Work instruction >> Please return the data word for word and leave out any picture it contains.

Supplied material >>
·····

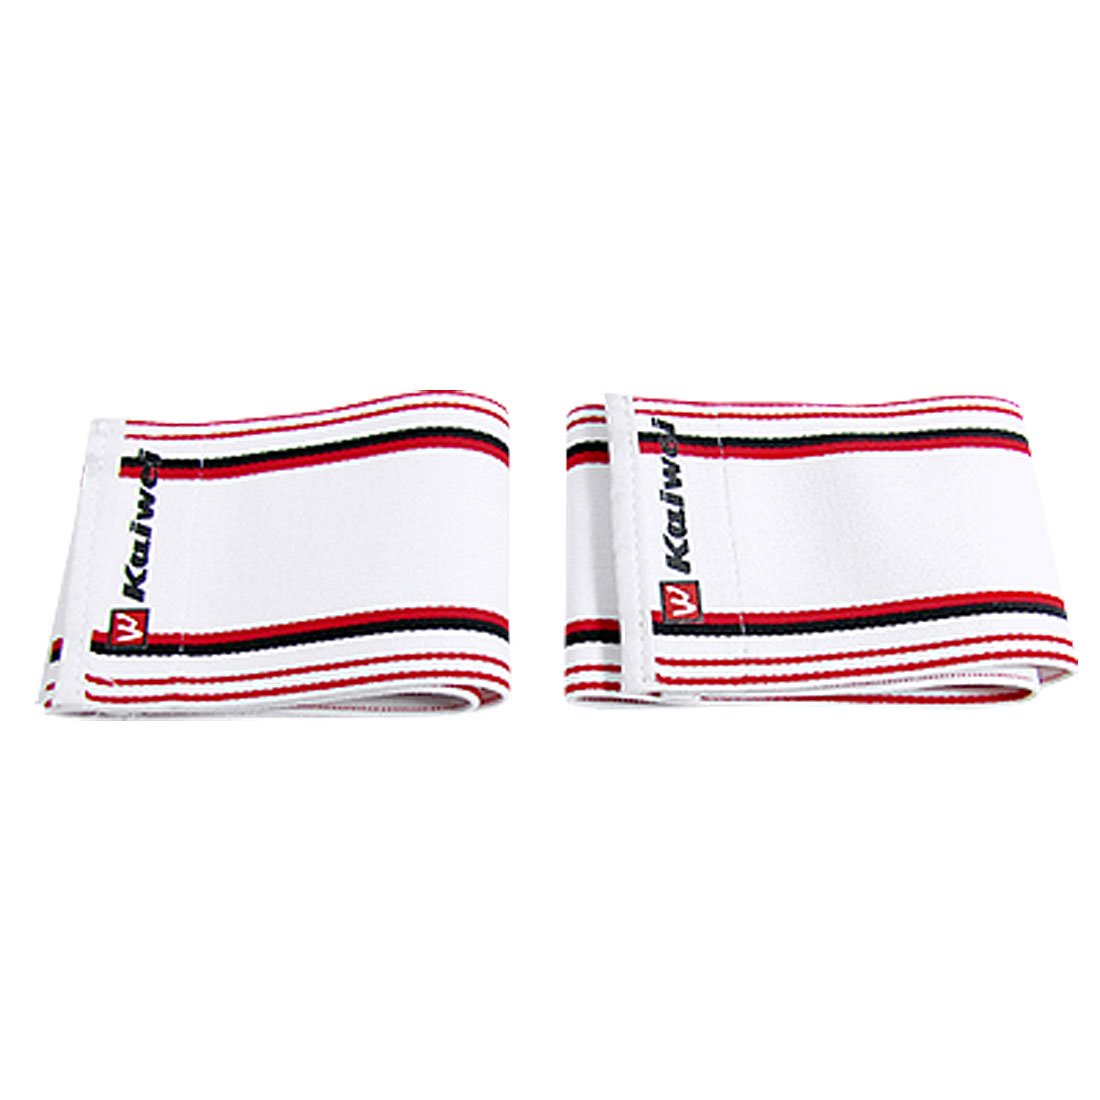 2 Pcs Detachable Closure Black Red Stripe Sports Wrist Support
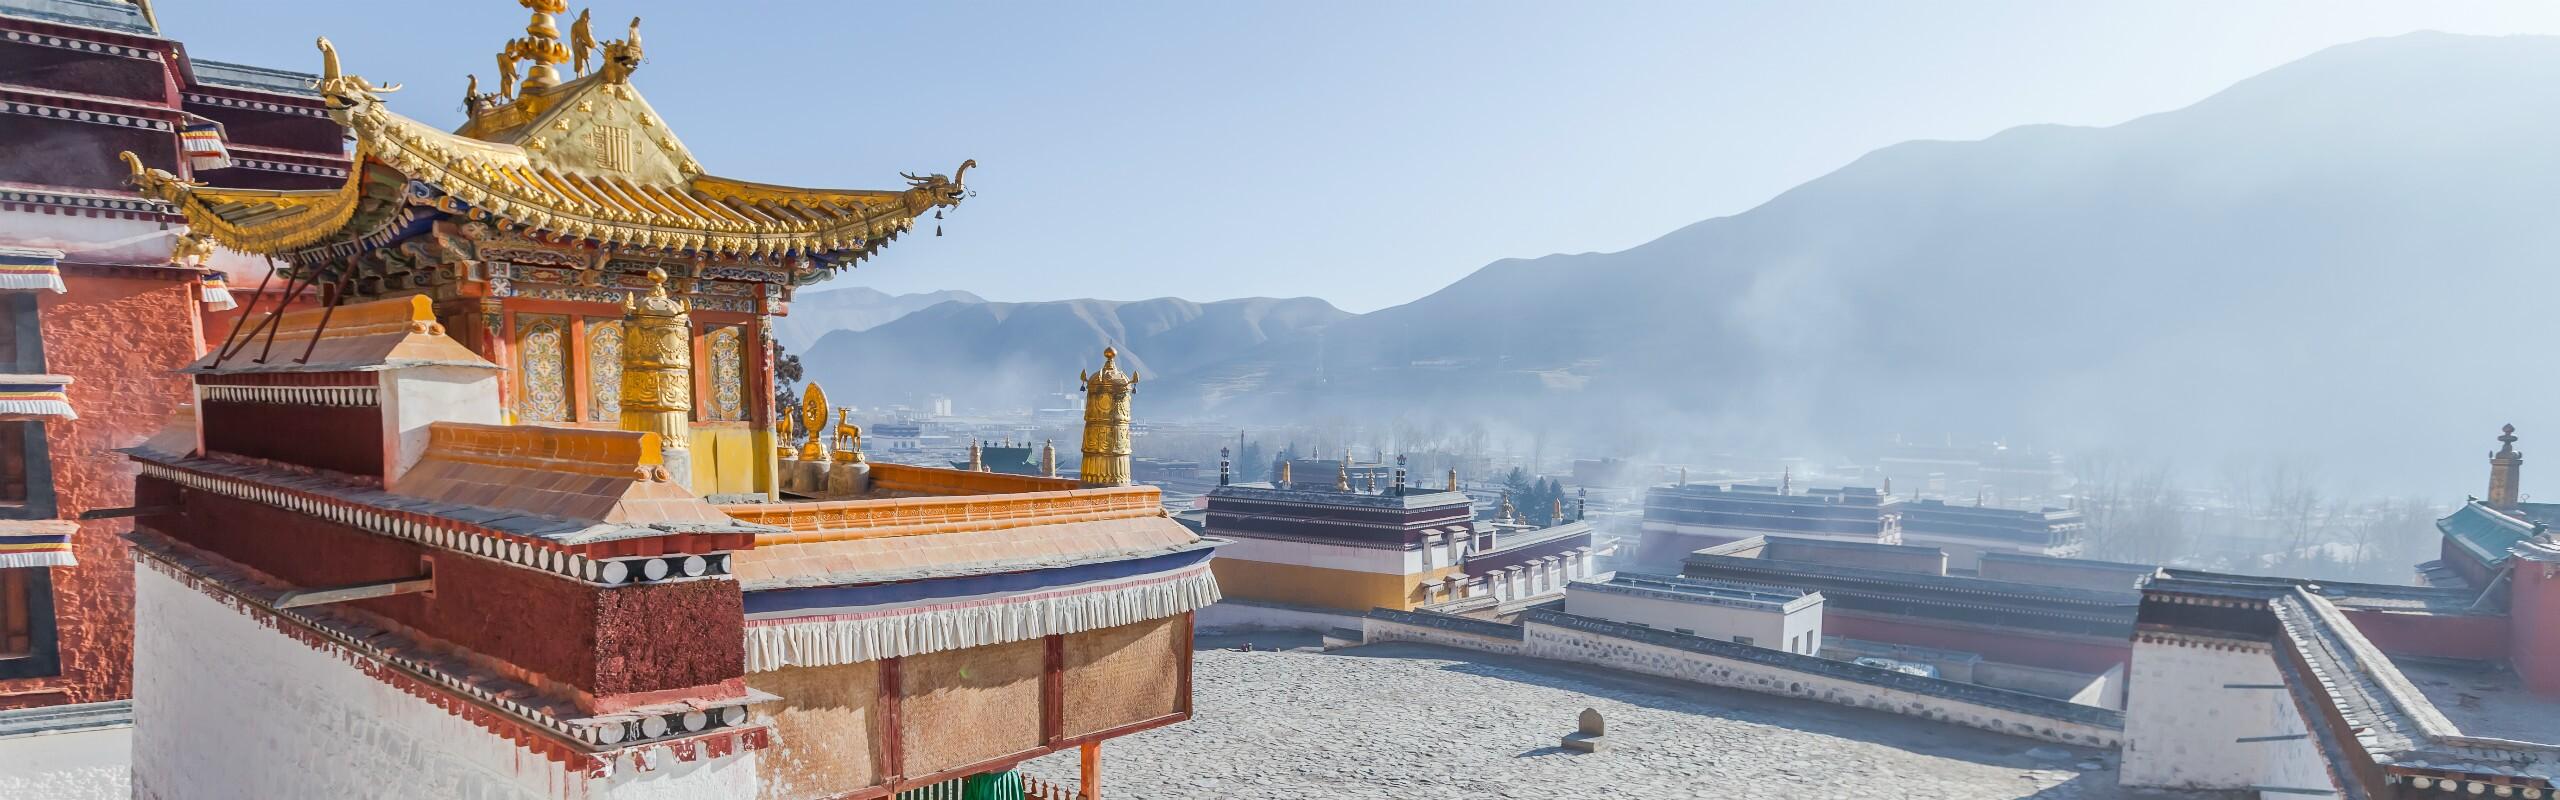 6 Days Xiahe, Langmusi and Zhagana Tour
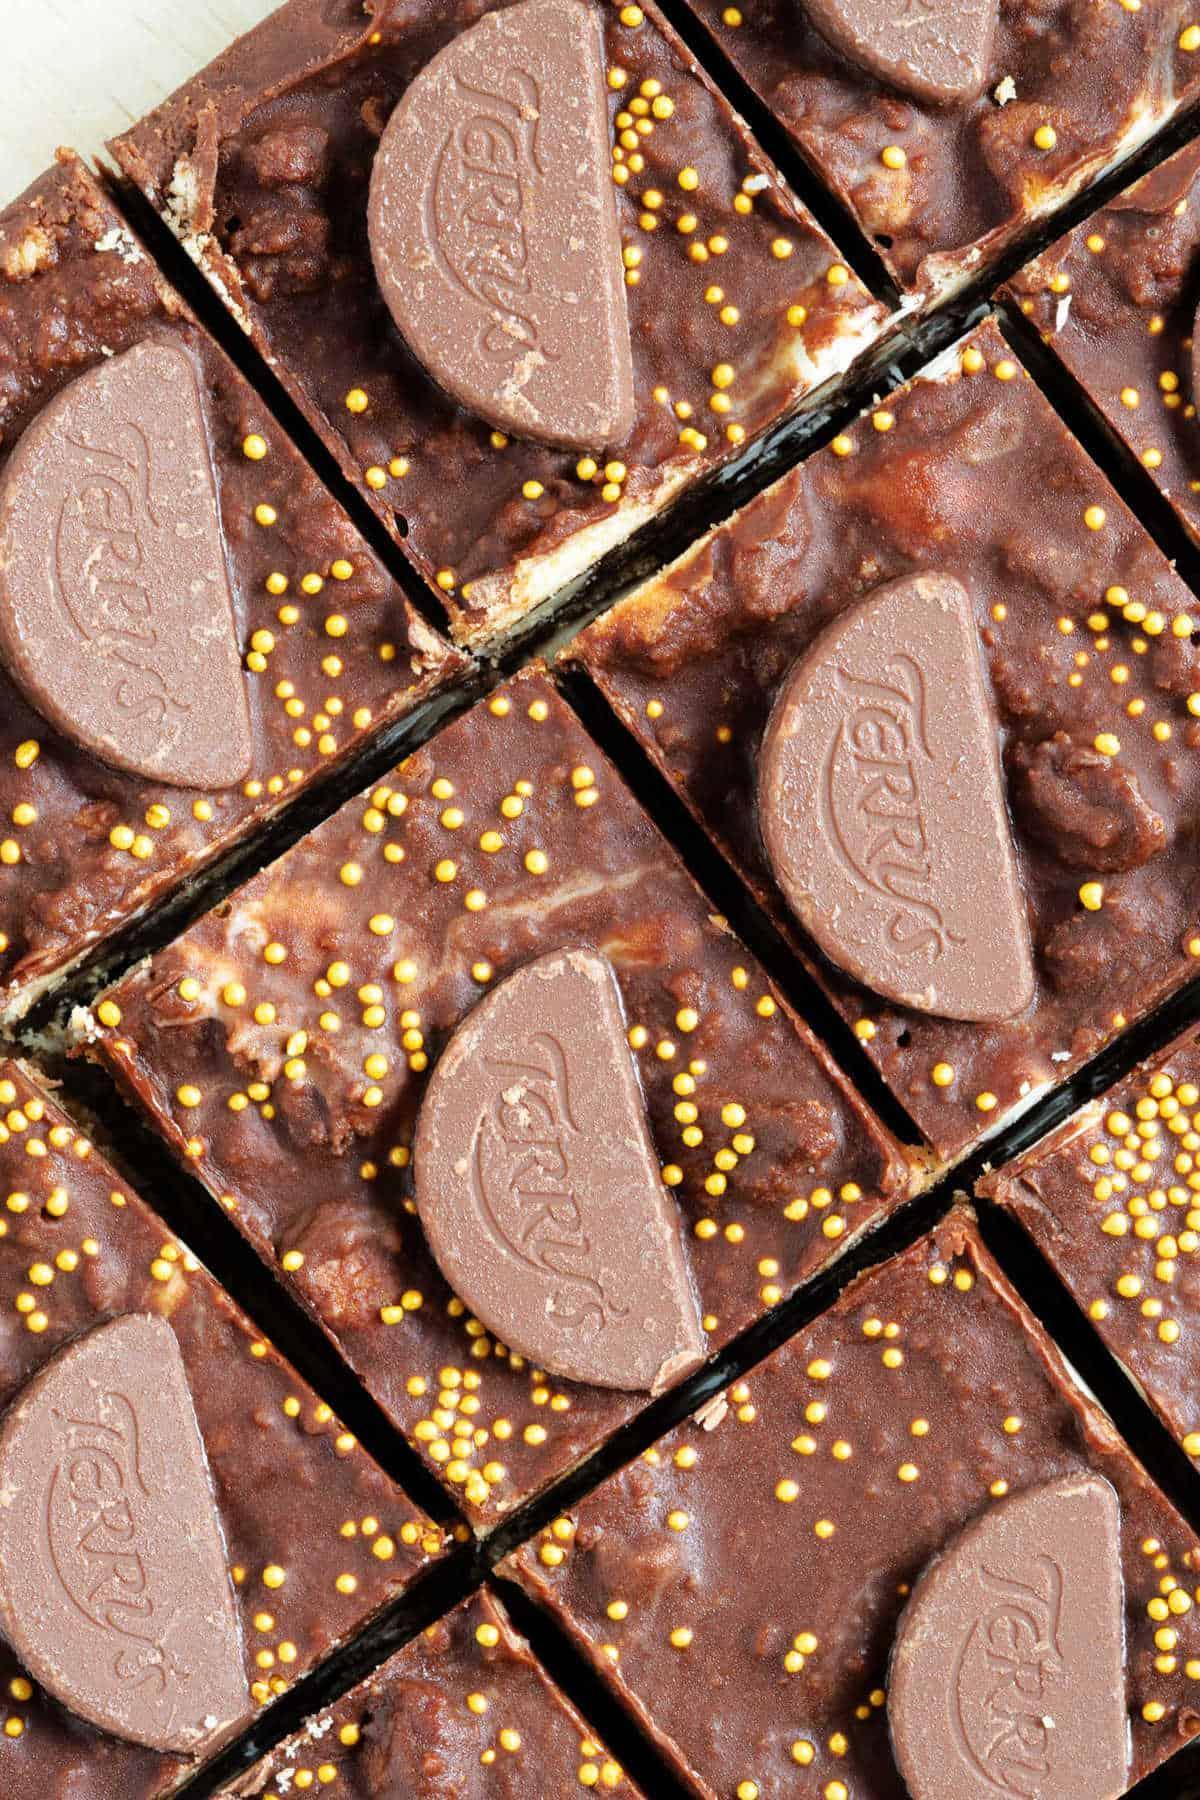 Sliced chocolate orange tiffin topped with chocolate orange minis.

·····

Result of the exercise >>
 2 Pcs Detachable Closure Black Red Stripe Sports Wrist Support
 6 Days Xiahe, Langmusi and Zhagana Tour
 Sliced chocolate orange tiffin topped with chocolate orange minis.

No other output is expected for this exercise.